I used the pseudo-element padding trick, which is adding an :after pseudo element with padding-bottom: 100% to the grid squares, and then was able to have a 15x15 grid of responsive squares.

I then used vanilla HTML&JS to make drag&droppable tiles by setting the required onDrag, onDrop, etc events.

It looks like this:

Backend

I decided to just get started and make some types, and then come back later to fix issues as they come up. In strongly-typed languages it’s often seductive to get the types perfect up-front, but I like being pragmatic and exploring the solution as I go. It’s pretty easy to go back and change things later, especially in a program with few types like this one.

type Letter = char;

struct BoardIdx(usize, usize);

struct TilePlacement {
    letter: Letter,
    idx: BoardIdx,
}

enum Direction {
    Up,
    Down,
    Left,
    Right,
}

enum BonusTile {
    Normal,
    DoubleWord,
    DoubleLetter,
    TripleLetter,
    TripleWord,
}

struct SinglePlay {
    placements: Vec<TilePlacement>,
}

struct BoardState {
    tiles: HashMap<BoardIdx, Letter>,
}

The Letter type

There are 2 notable things about using char for the letter type:

  1. Tiles should be Unicode

Scrabble is a multilingual game, and I’d like to leave the possibility of having different languages open. Not all languages use ASCII tiles (recall ASCII standards for American Standard Code for Information Interchange), some of them have accented characters like Ä, Æ, or have their own alphabet like Arabic. Rust chars are a good fit here, as they can be multi-byte Unicode values.

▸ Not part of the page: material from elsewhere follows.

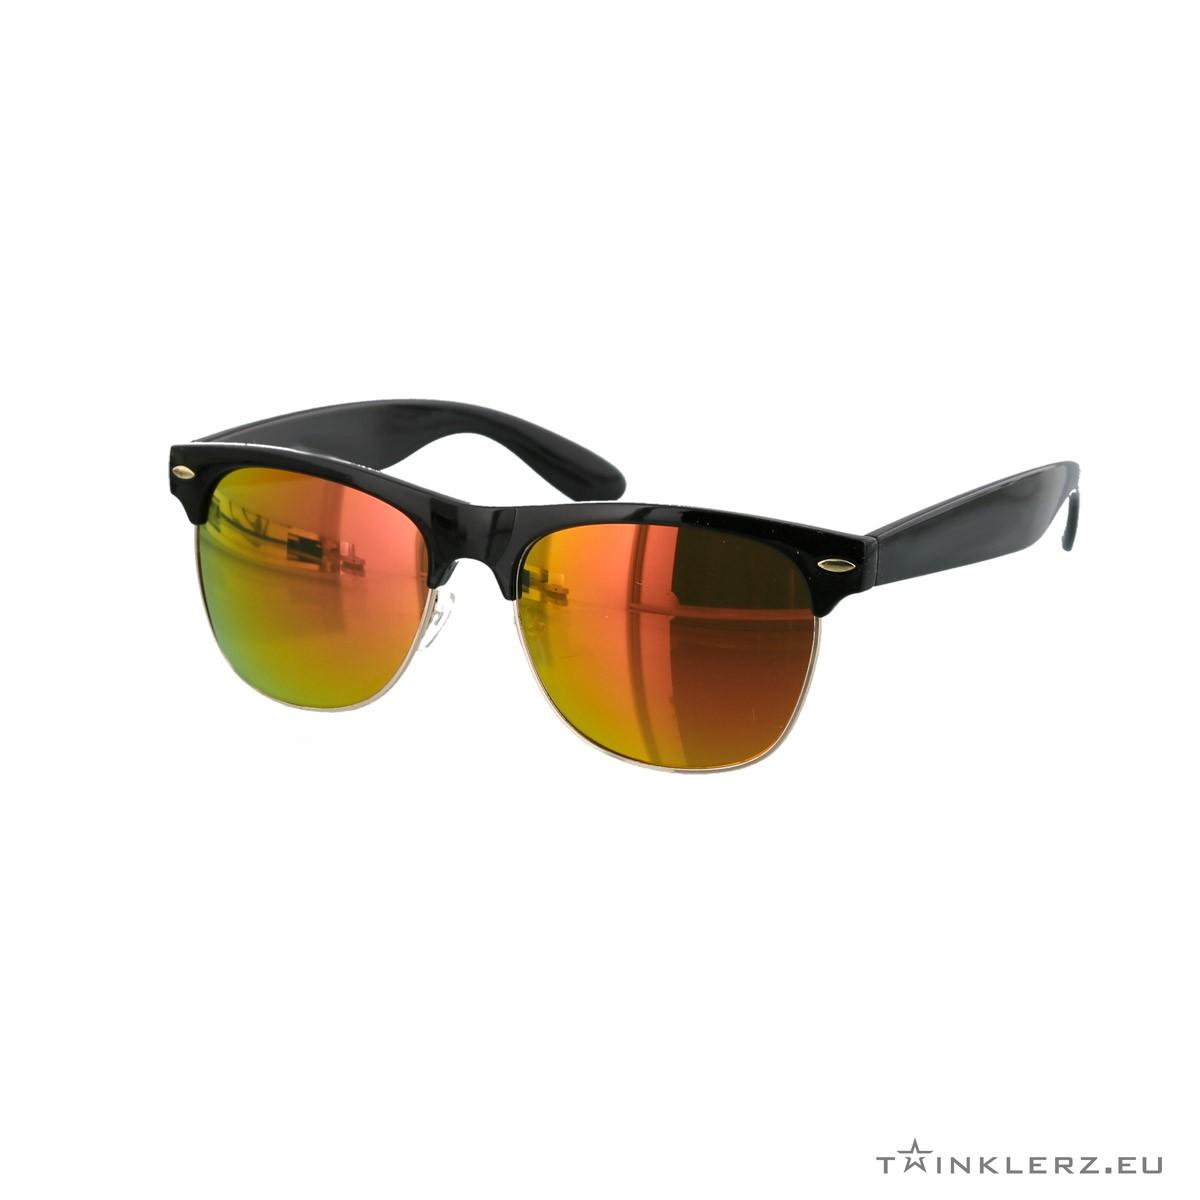 Black clubmaster modern sunglasses red orange mirrored lenses

There is one caveat that there are some Scrabble variants, like Spanish, have two-letter tiles like LL or QU. I’ve decided to punt on this one, I don’t think it’ll be too hard to come back to fix later.

  1. Blank tiles

Scrabble has the concept of “blank tiles”, which you can use as any letter, but which count for zero points. The tile is blank in the player’s rack, then played as a particular letter in a word, but its letter score is zero. One way to do this would be to have a flag on Letter to record if it was a blank tile, and then have logic in different places look at that flag, but there is a nice solution that already exists in Scrabble notation:

In written down Scrabble notation, normal letters are written uppercase, and letters that came from blank tiles are lower case , like VALIaNT, or kETCHUP. This is neat because you don’t need an extra flag, you can simply give a 0 score to lowercase letters, and use toUpper before checking the dictionary.

Board Indices

I use two zero-indexed integers in the traditional 2d array [row][column] orientation to denote Board indices. While Scrabble indices are usually written like chess (eg ‘C5’), apparently some languages/variants of scrabble swap those so that C5 would be E3 in German. I decided that using pairs of usizes then would be fine, and easier to not have to translate all the time.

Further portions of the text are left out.